> _Information provided_
*** Block opens ***

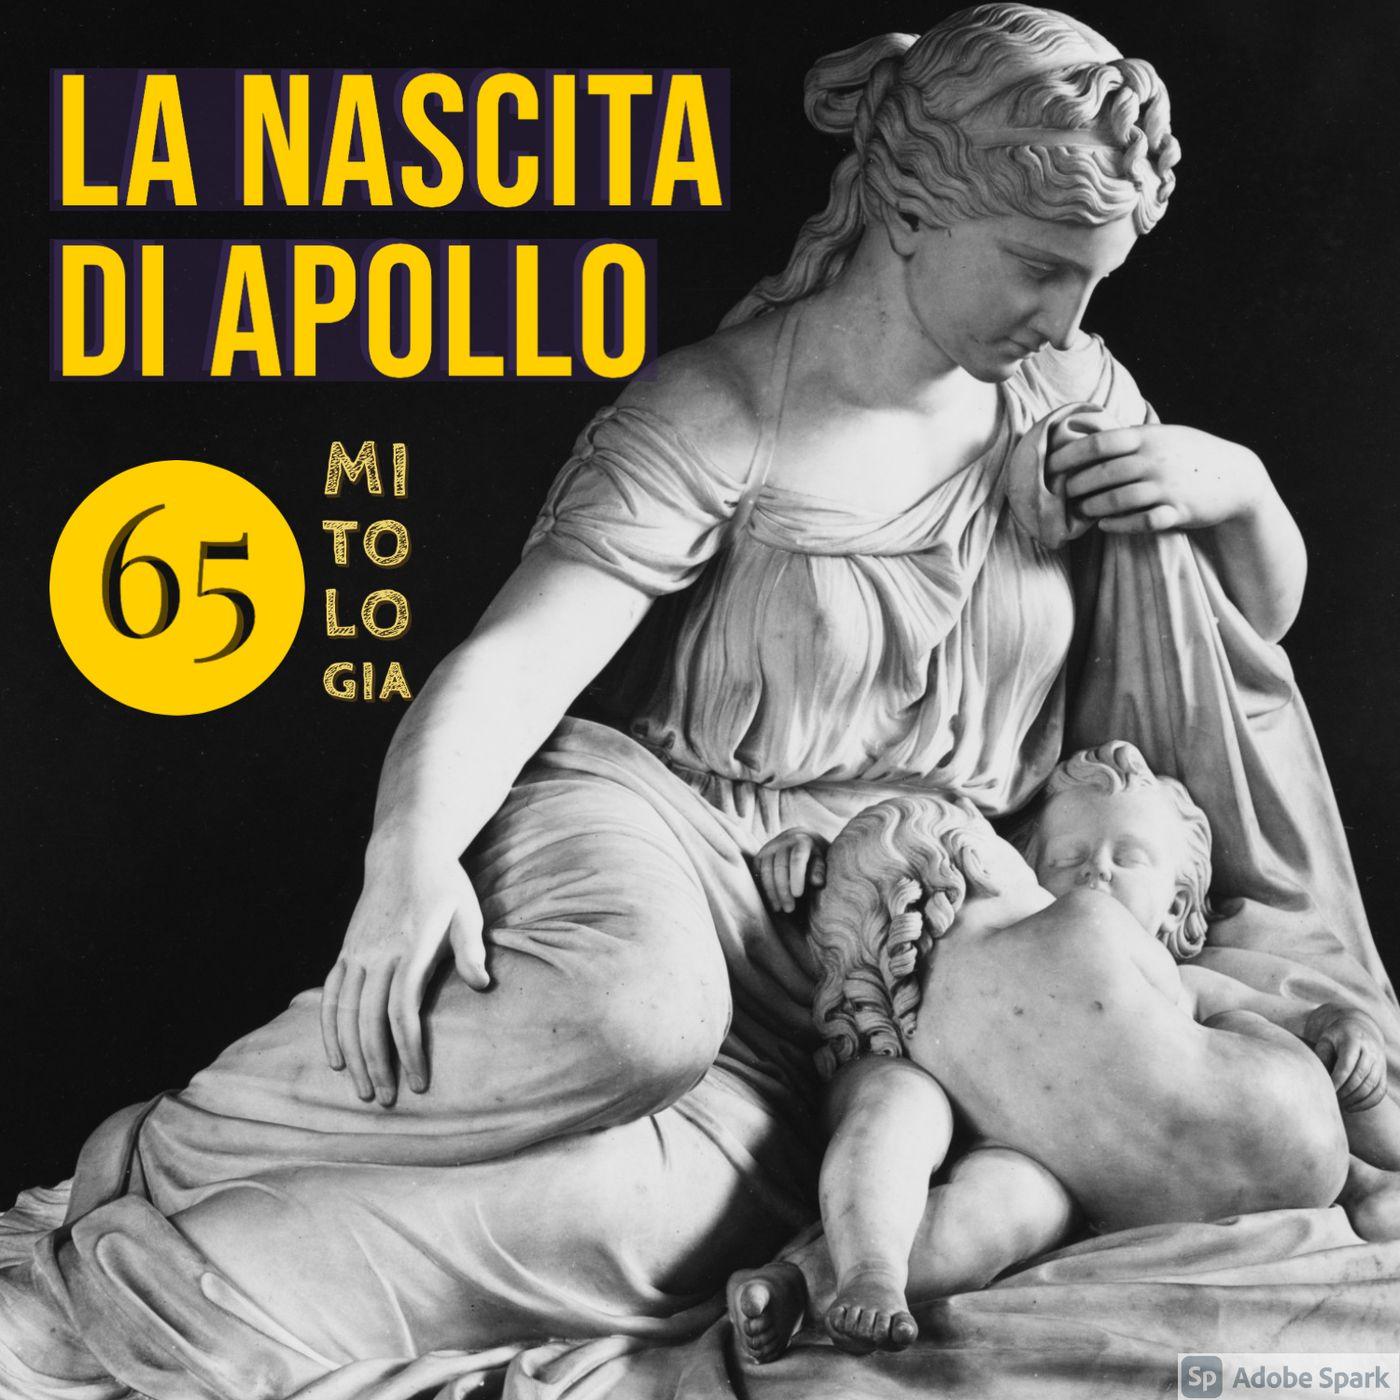 La nascita di Apollo
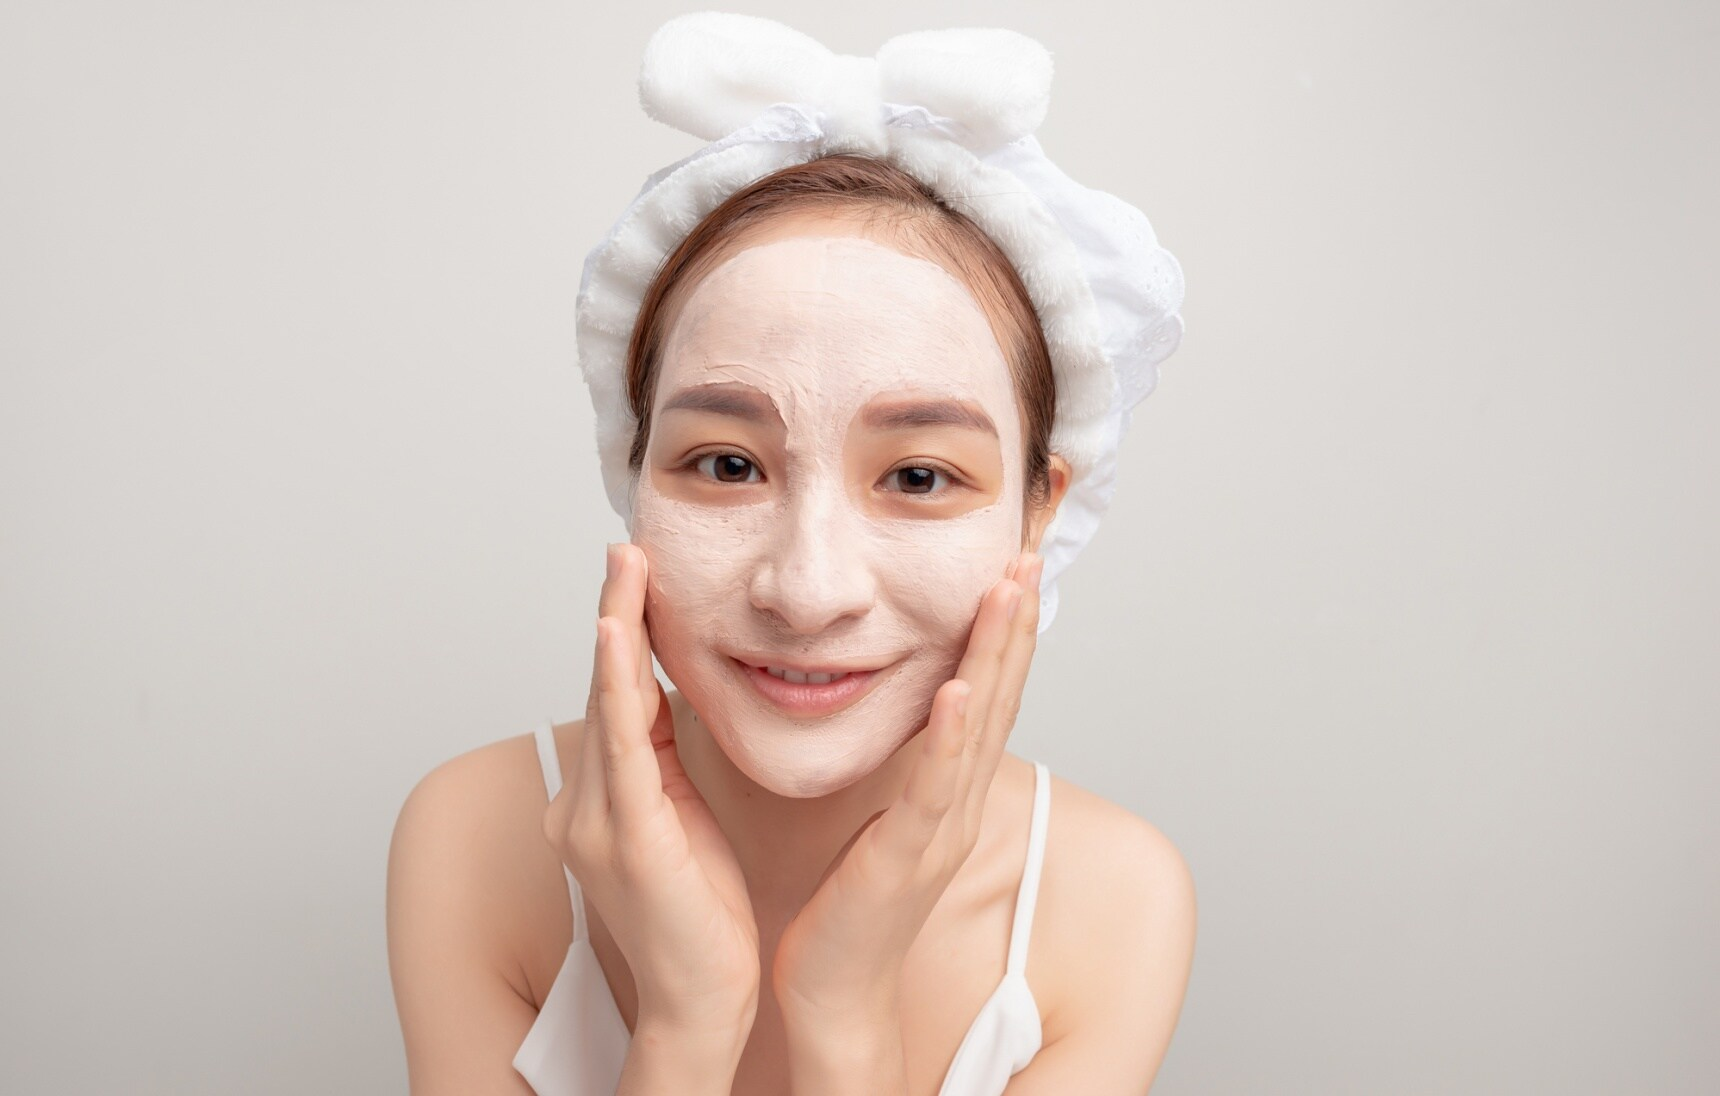 日本购物:薄薄一片敷上脸,肌肤从此无烦恼?这些日本开架面膜好用又实惠!
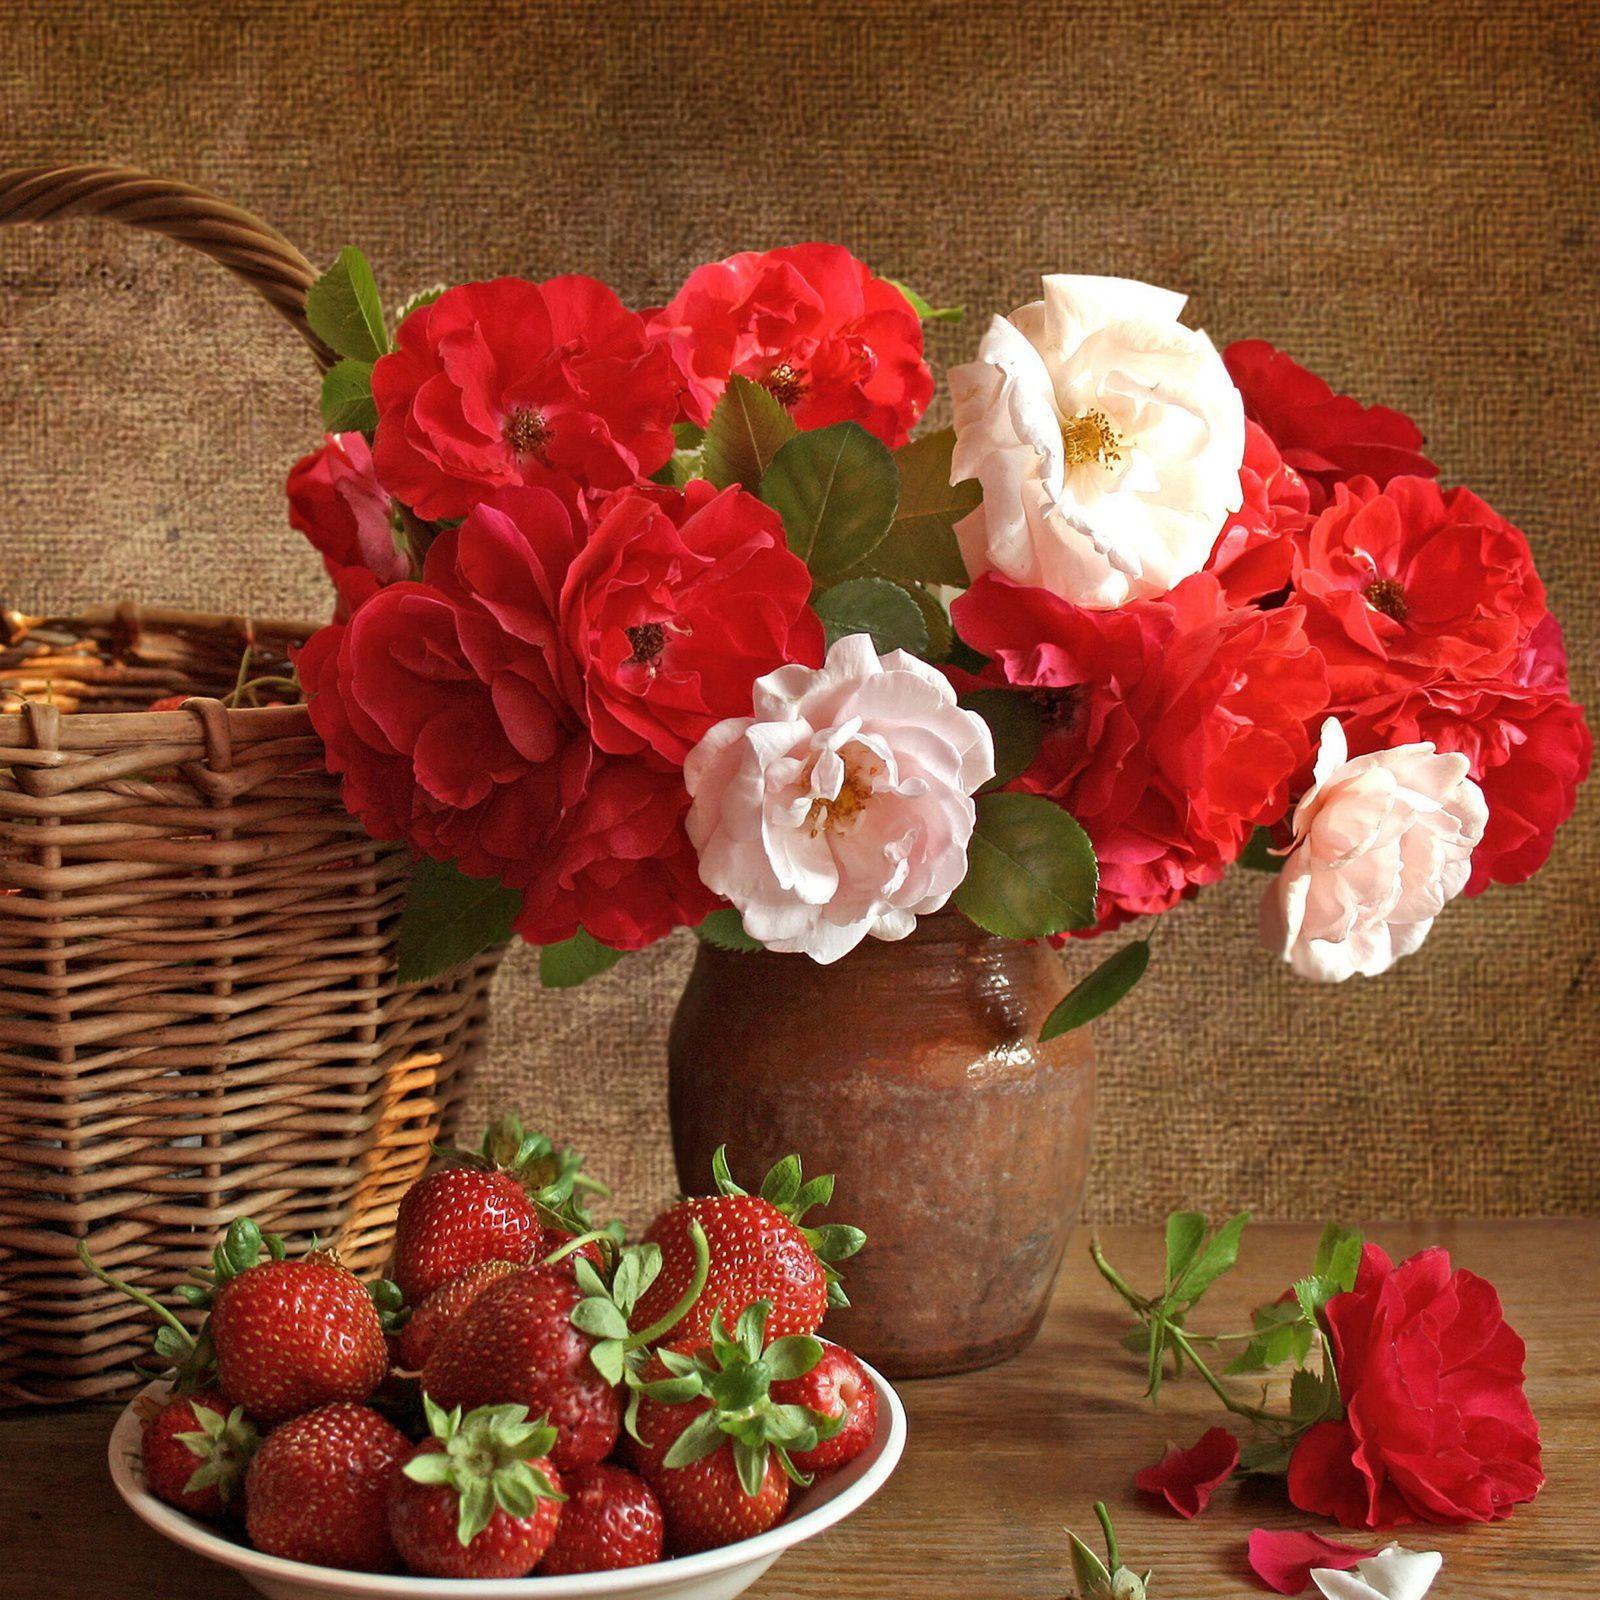 Un petit bouquet de roses anabrode tant de tr sors for Un bouquet de roses
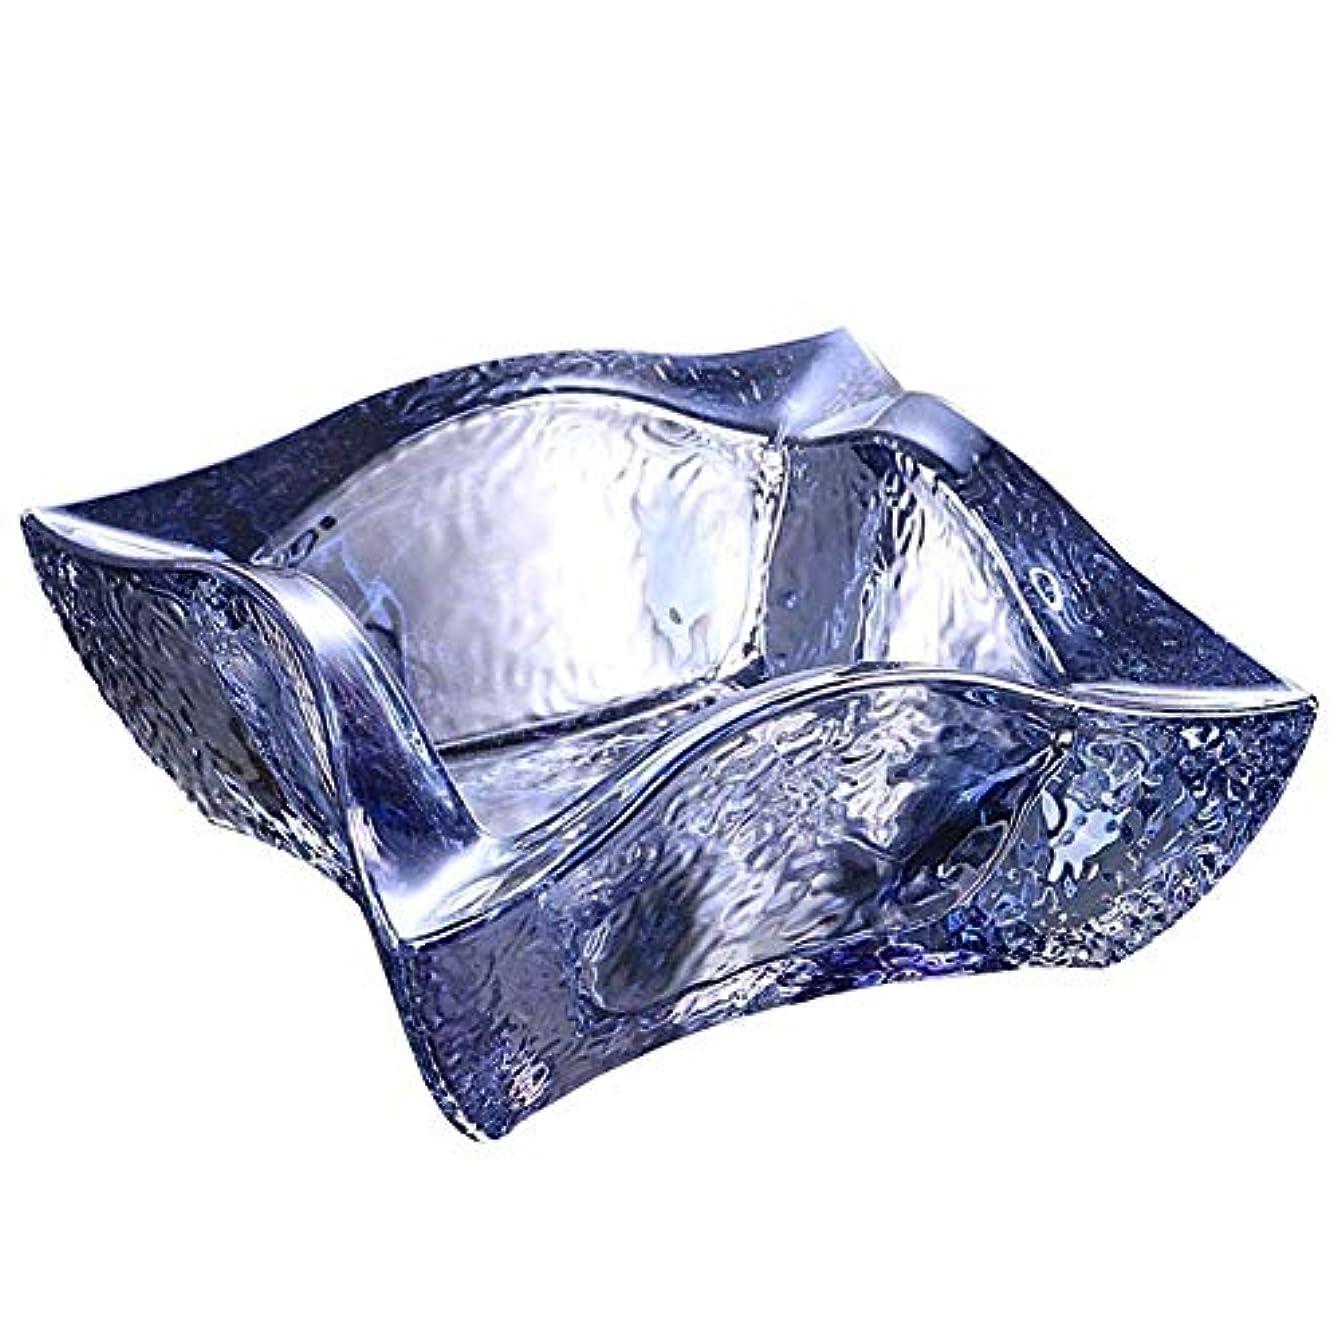 後方珍しい星ファッション透明ガラスクリスタル灰皿クリエイティブオフィスリビングルームの装飾多機能灰皿(色:アクアブルー)

*** Block closes ***

> _Instructions for the task_
Please return only the lines from the one holding "日本购物:薄薄一片敷上脸,肌肤从此无烦恼?这些日本开架面膜好用又实惠!" through the end of the data, both ends included; do not copy any pictures.

> _Written solution_
 日本购物:薄薄一片敷上脸,肌肤从此无烦恼?这些日本开架面膜好用又实惠!
 Un petit bouquet de roses anabrode tant de tr sors for Un bouquet de roses
 後方珍しい星ファッション透明ガラスクリスタル灰皿クリエイティブオフィスリビングルームの装飾多機能灰皿(色:アクアブルー)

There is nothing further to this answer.